Another pit scale is Bambusapis hemispherica, found in Phyllostachys in China and Japan. It has one or two generations per year, and the female adults and nymphs suck sap from the twigs and stipes of the bamboo. Its relative, B. bambusae, has been found on Bambusa multiplex in Florida.

Another type of scale, the armored scale, has 60 species that suck bamboo sap. One of the more notorious is Kuwanaspis pseudoleucaspis, which infests Phyllostachys in China and Japan. It has also gotten into the U.S. and is common on Phyllostachys; here it is known as thread scale. It has two generations per year, preferring the older culms and wet, shaded sites. This scale is worse in dense, over-mature groves, where the nymphs and females feed on culm sap, and when present in large numbers can reduce the vigor of the plant and make the culms commercially worthless. In Asia they are controlled naturally by parasites and ladybeetles, and culturally by thinning out the older culms, and by culm-cavity injection of systemic insecticides.

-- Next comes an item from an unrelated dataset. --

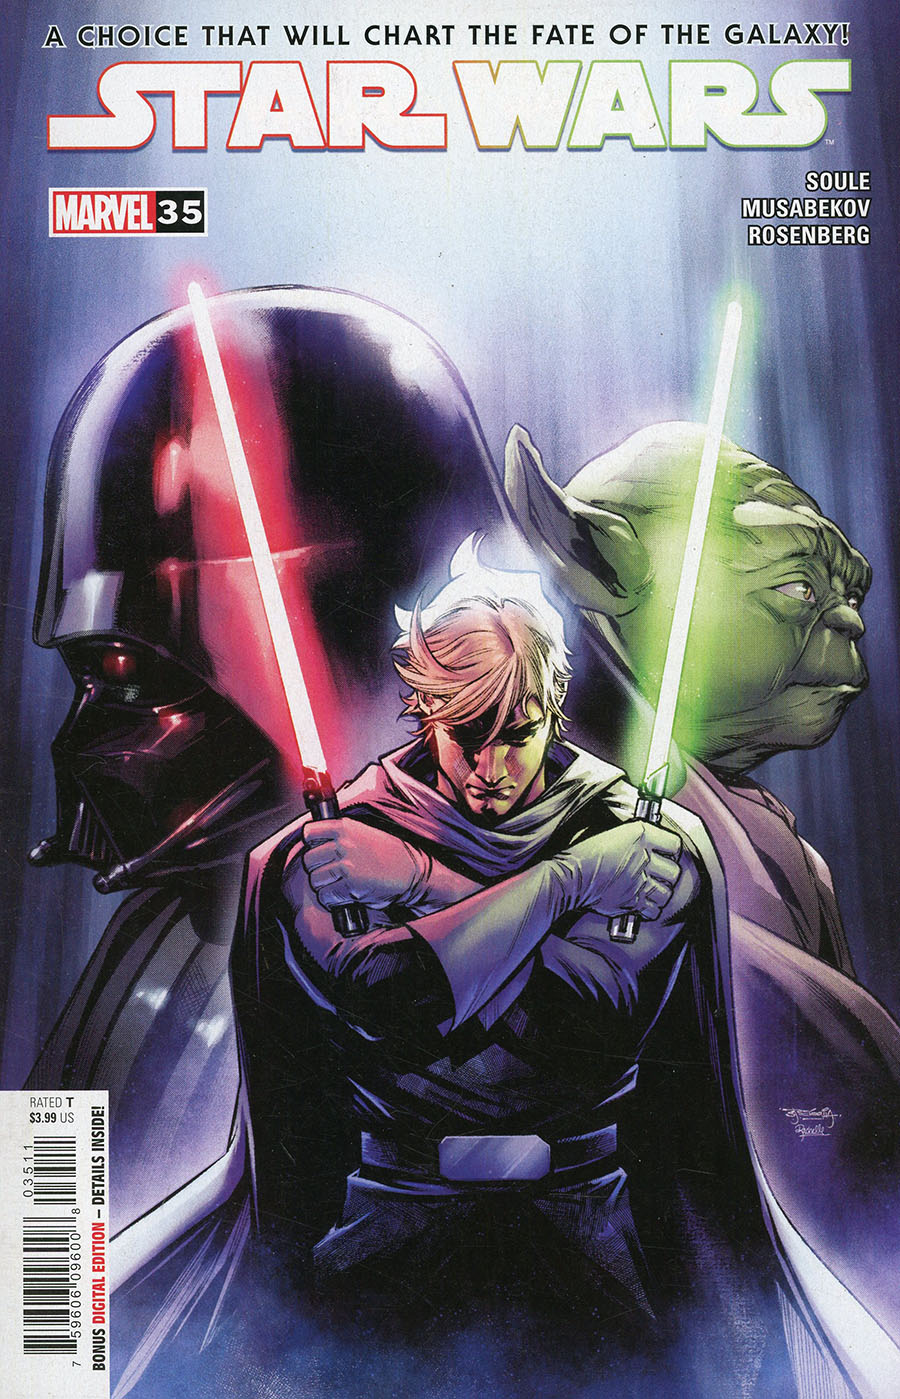 Star Wars Vol 5 #35 Cover A Regular Stephen Segovia Cover (Limit 1 Per Customer)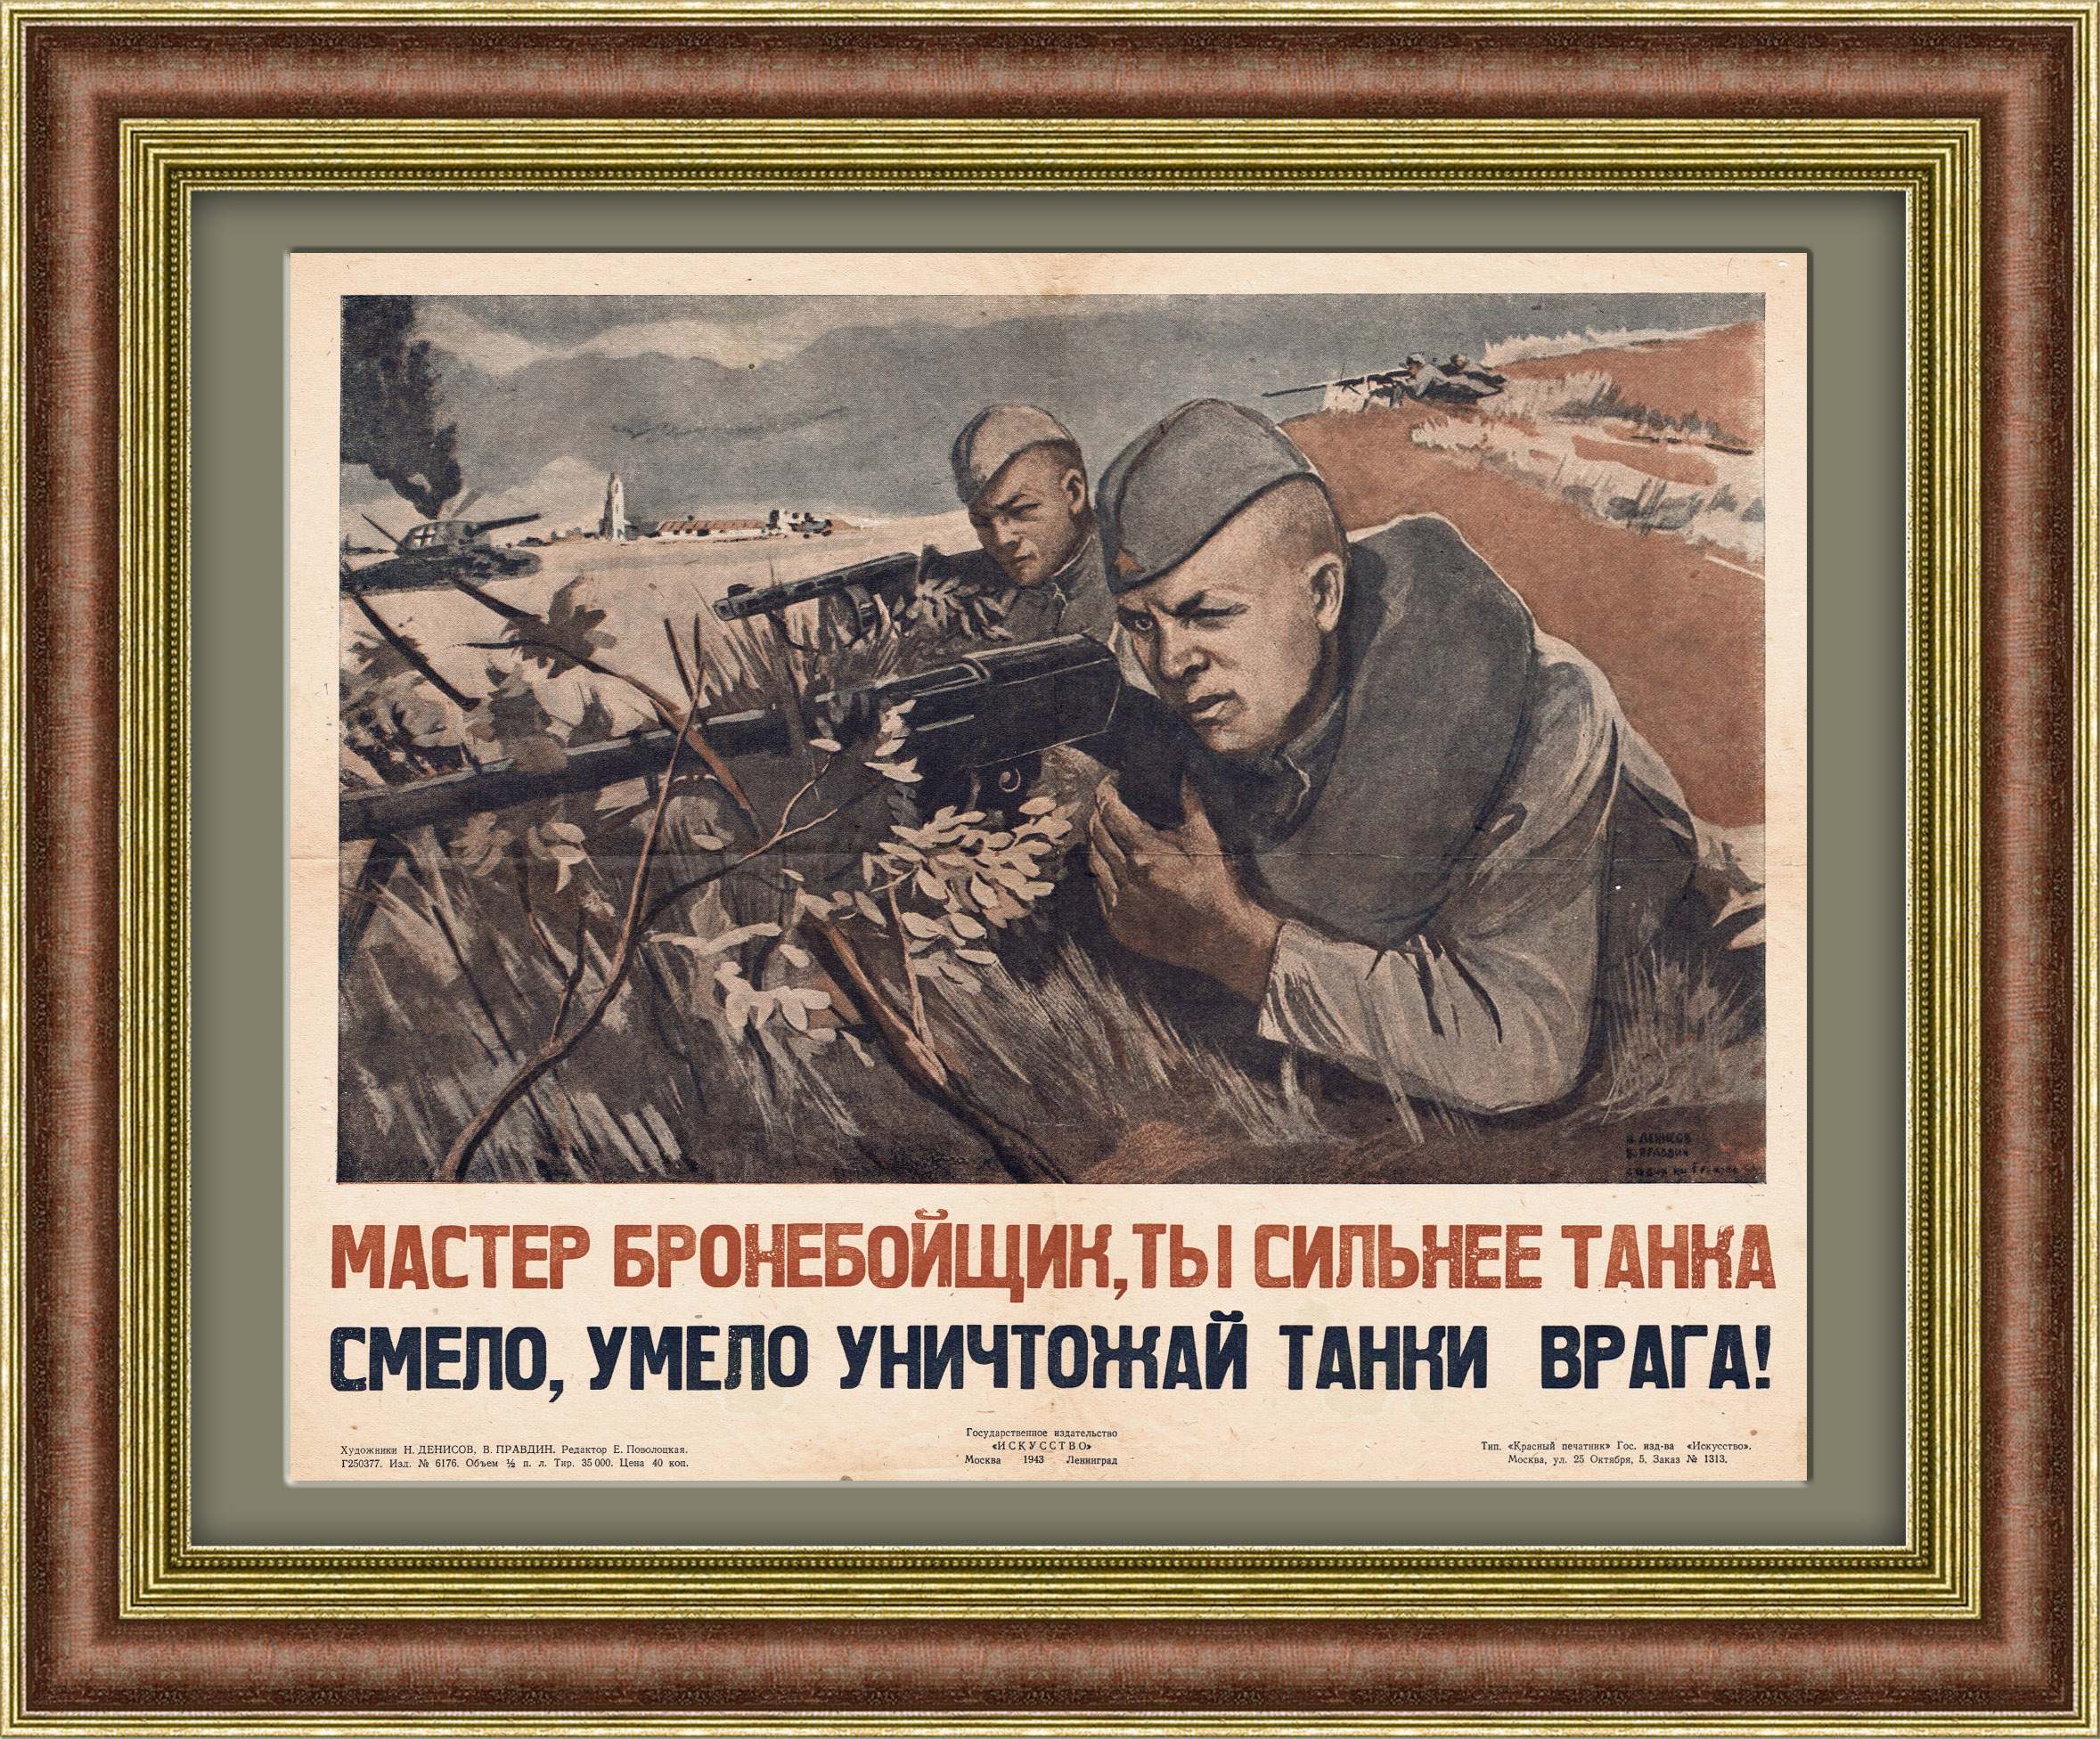 Цели задачи плакатов. Советские плакаты. Плакат 1943. Советские плакаты юмористические. Советские мирные плакаты.

Other species of Asian thread scale present in the U.S. include K. vermiformis (which will infest A. gigantea), K. howardi (infests Bambusa), and K. hikosani, which can infest various bamboos (observation by Adam Turtle).

Other scales found on bamboo include Unachionaspis bambusae, found on Phyllostachys in China, where it has three generations per year. These scales suck sap from the young leaves in the lower crown, and heavy infestations can cause partial defoliation. In Asia it is kept under control by parasites and predators. Odonaspis penecillata is found on various bamboos in China and has one generation per year, over-wintering as an adult. Female adults and the nymphs suck sap from the culms and branches. It has also been imported to the U.S.,where it has been found on Bambusa multiplex. Another import, O. secretus, has been found in the U.S. on Pseudosasa japonica.